> _SUPPLIED INFORMATION_:

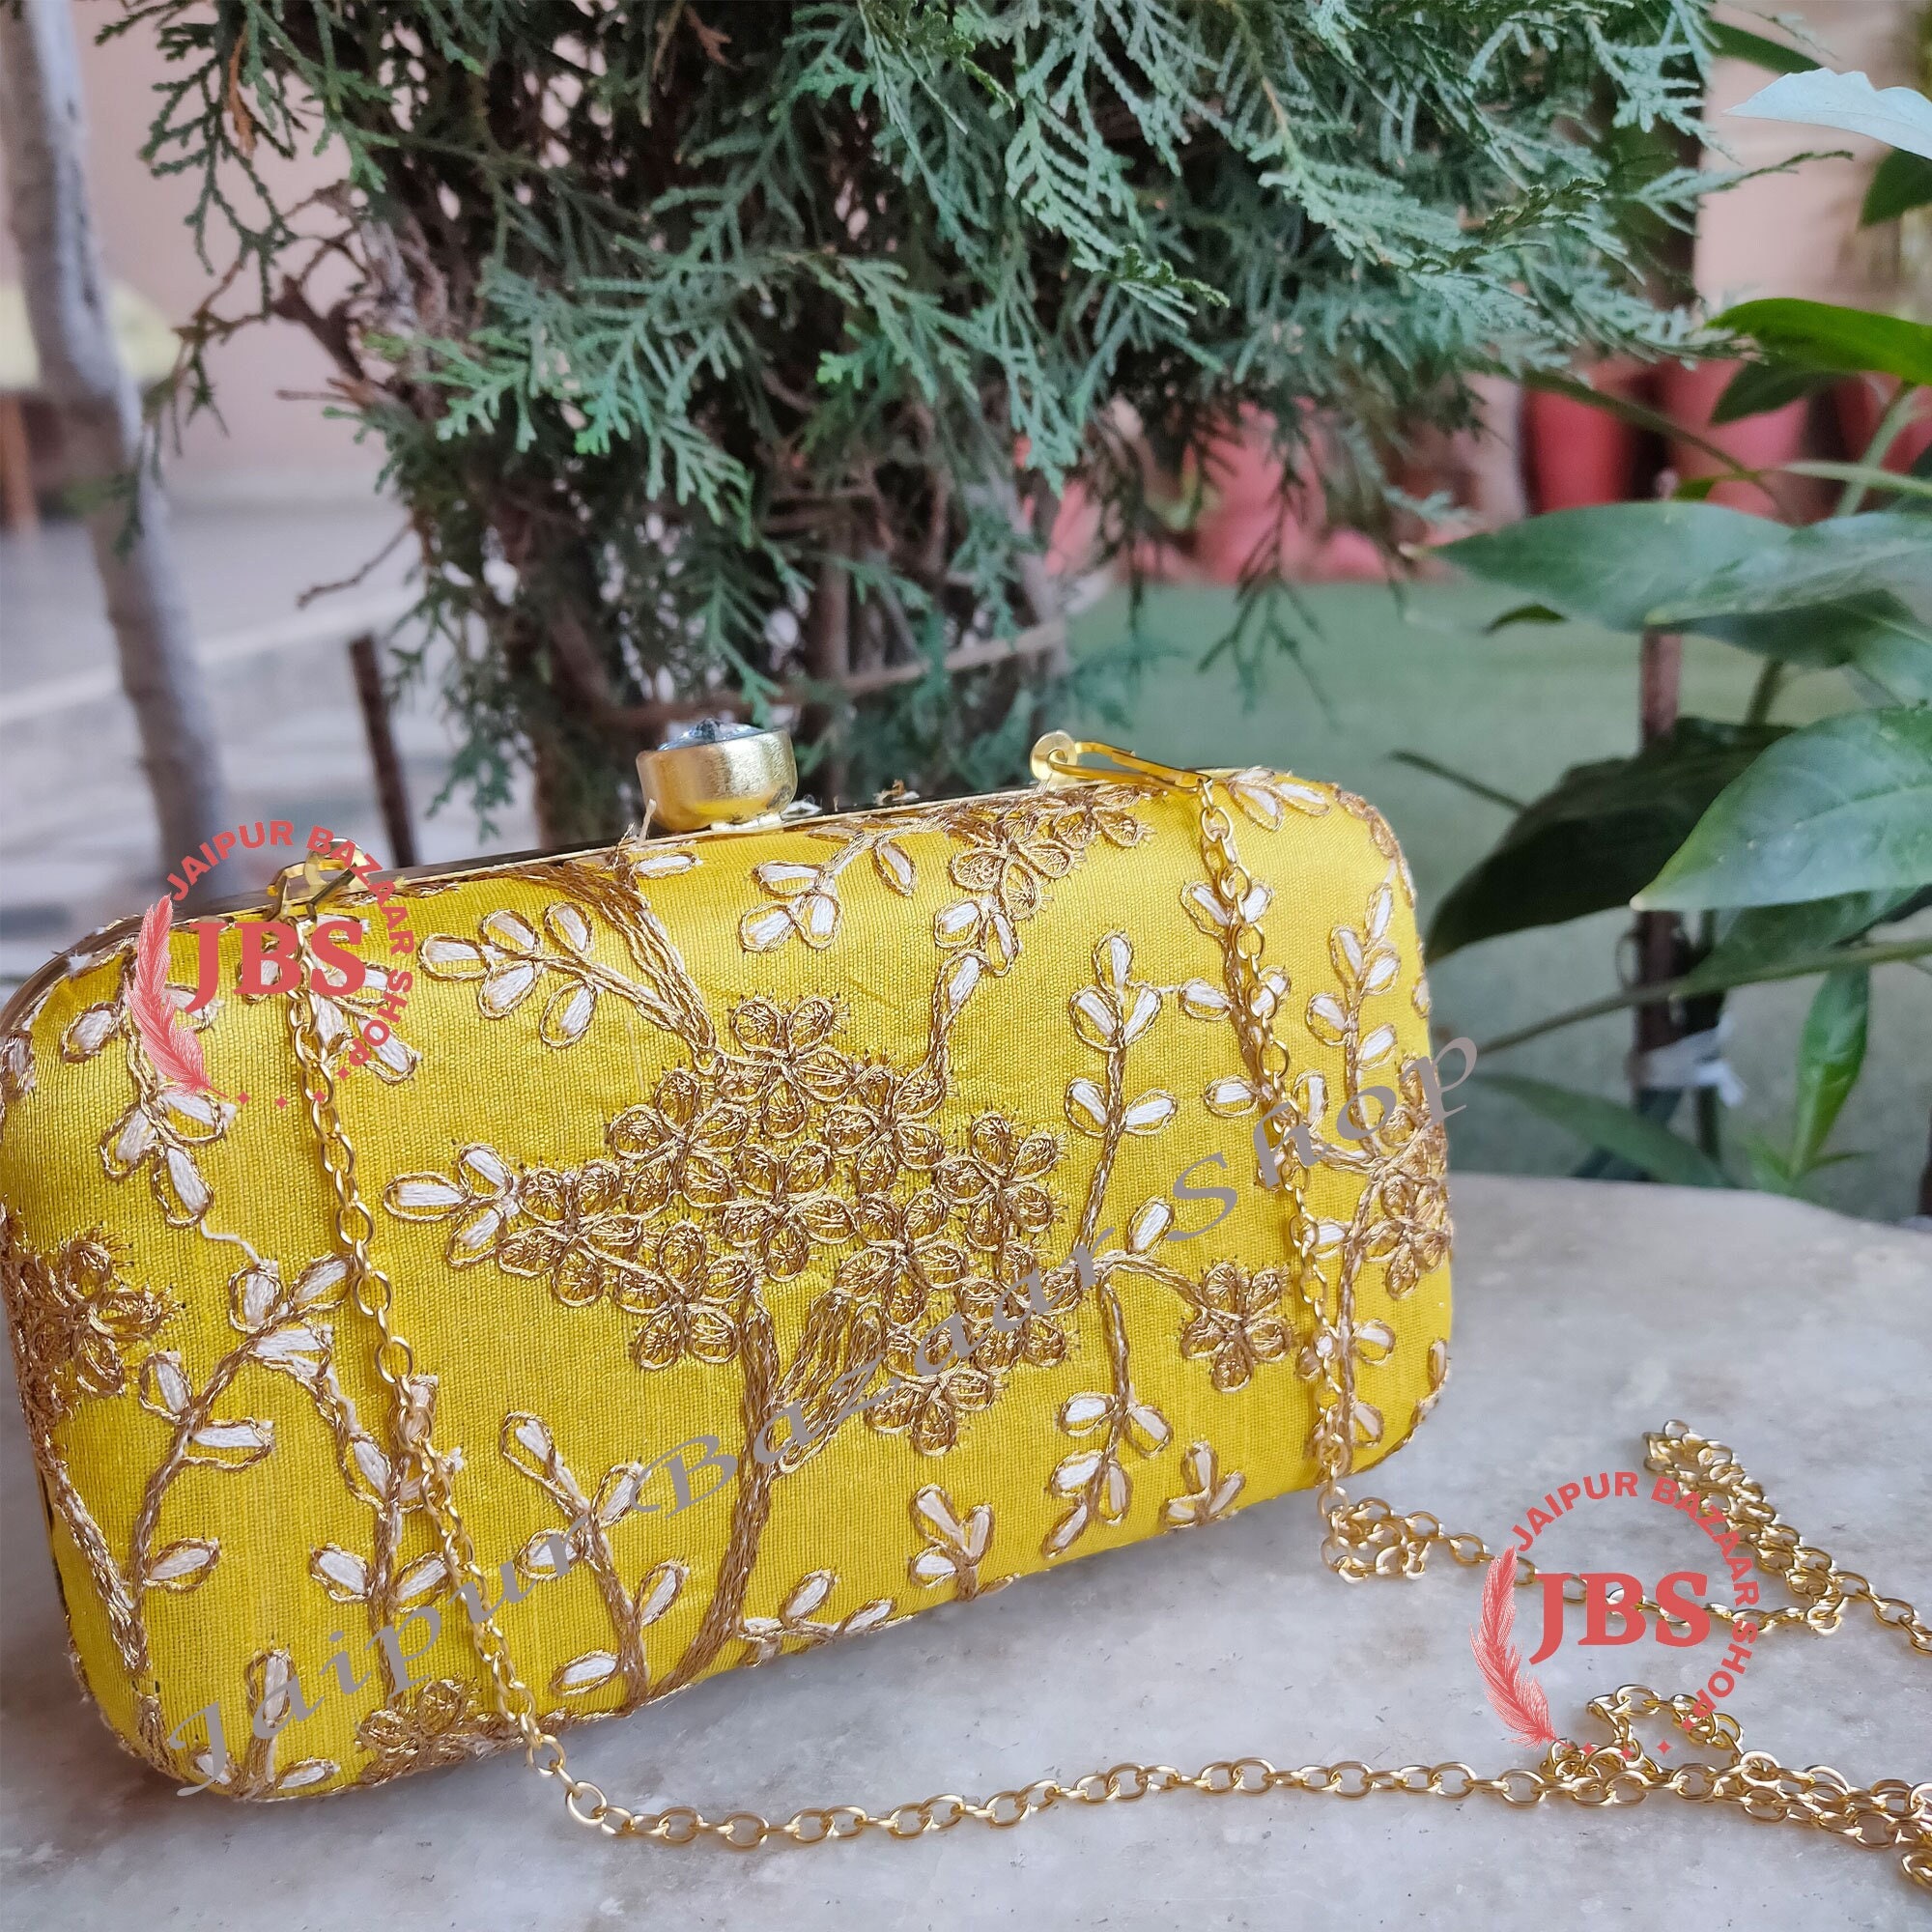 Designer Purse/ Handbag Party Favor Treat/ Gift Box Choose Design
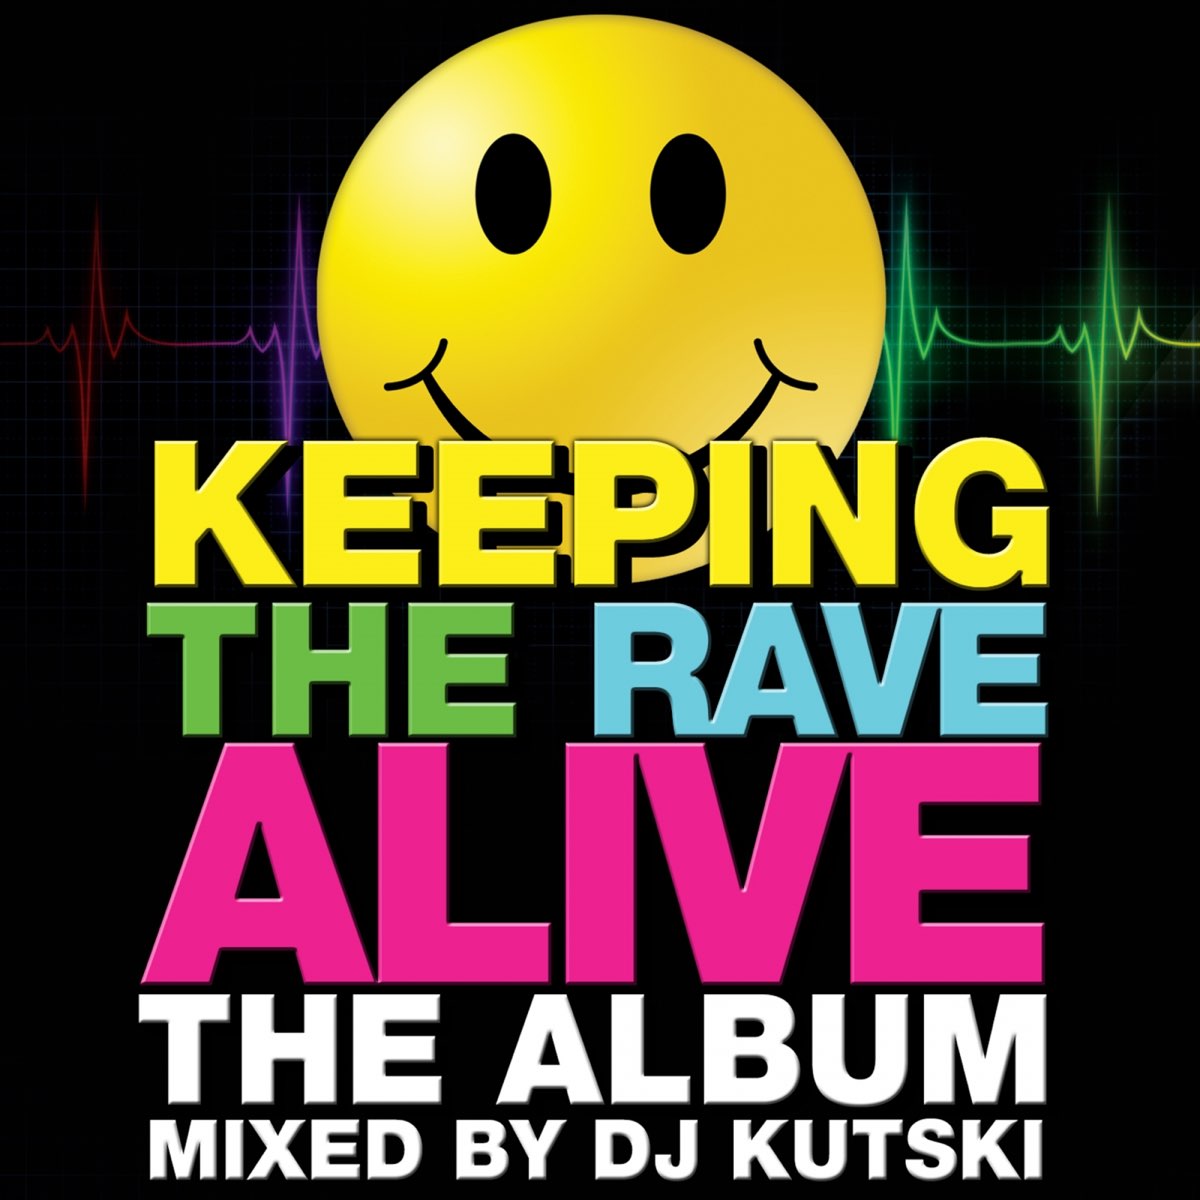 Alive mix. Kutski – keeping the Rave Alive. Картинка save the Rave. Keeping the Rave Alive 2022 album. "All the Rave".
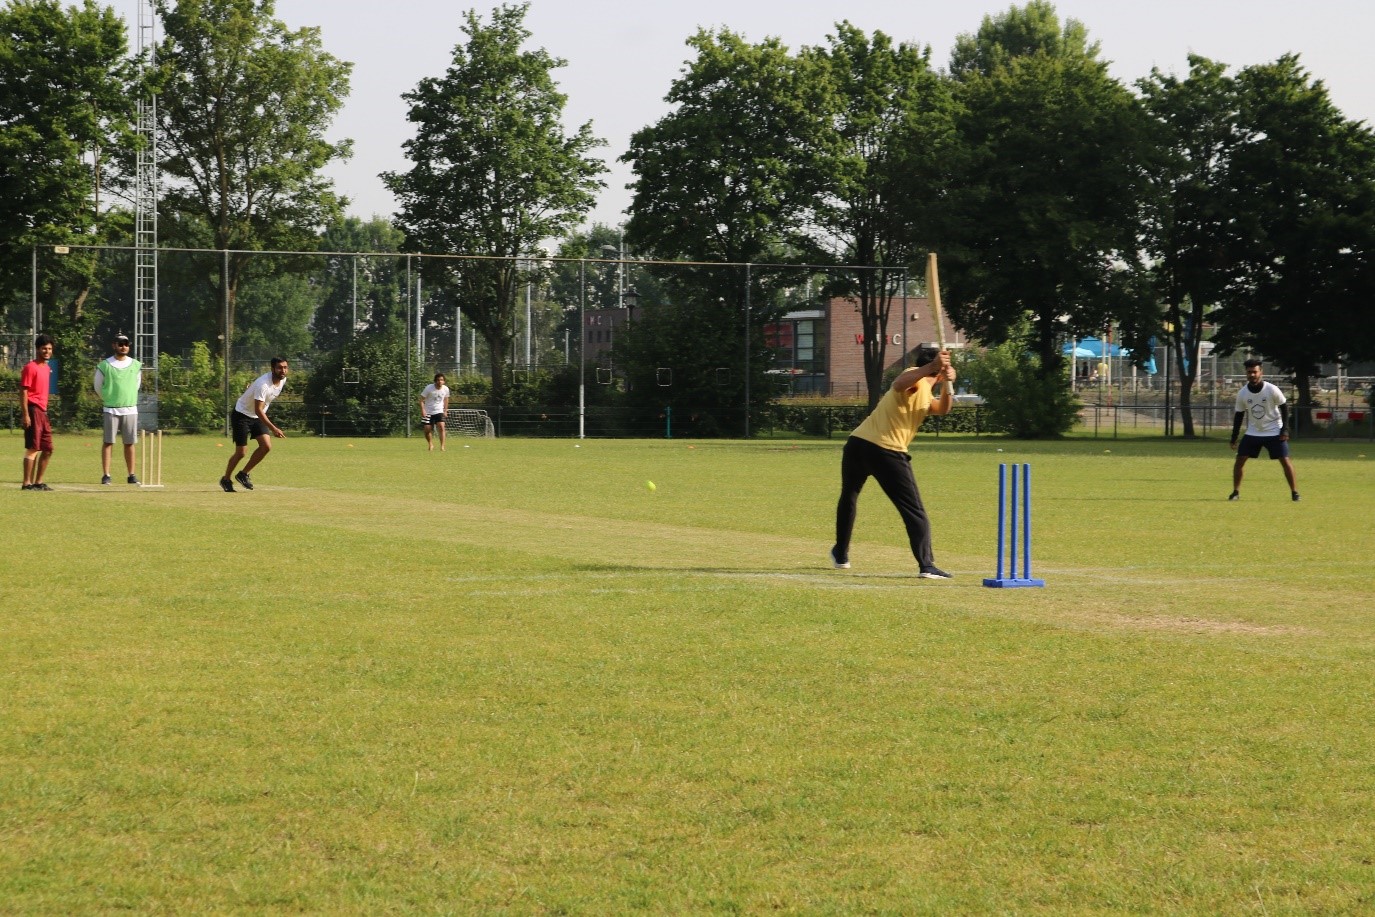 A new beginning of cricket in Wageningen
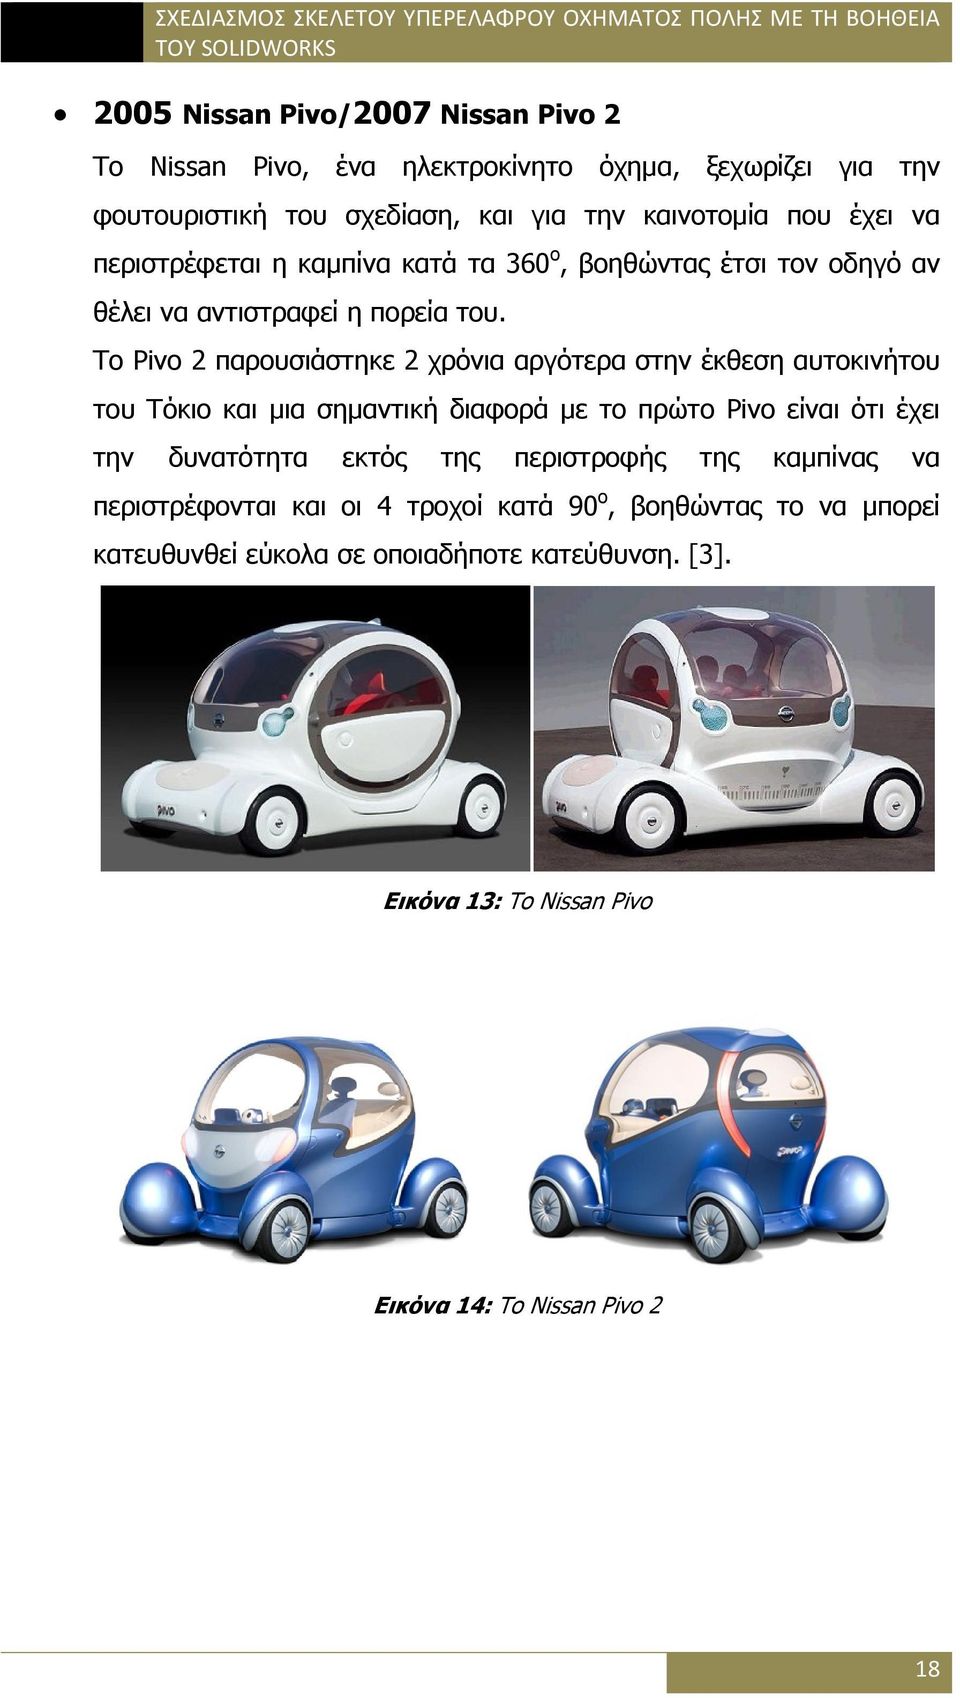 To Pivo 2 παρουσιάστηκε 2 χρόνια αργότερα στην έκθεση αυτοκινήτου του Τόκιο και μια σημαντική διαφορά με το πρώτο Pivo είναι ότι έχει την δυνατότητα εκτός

> _WORK ORDER_:
An exact transcription of the data above is needed, without the pictures.

> _PROBLEM SOLUTION_:
 Designer Purse/ Handbag Party Favor Treat/ Gift Box Choose Design
 Alive mix. Kutski – keeping the Rave Alive. Картинка save the Rave. Keeping the Rave Alive 2022 album. "All the Rave".
 A new beginning of cricket in Wageningen
 To Pivo 2 παρουσιάστηκε 2 χρόνια αργότερα στην έκθεση αυτοκινήτου του Τόκιο και μια σημαντική διαφορά με το πρώτο Pivo είναι ότι έχει την δυνατότητα εκτός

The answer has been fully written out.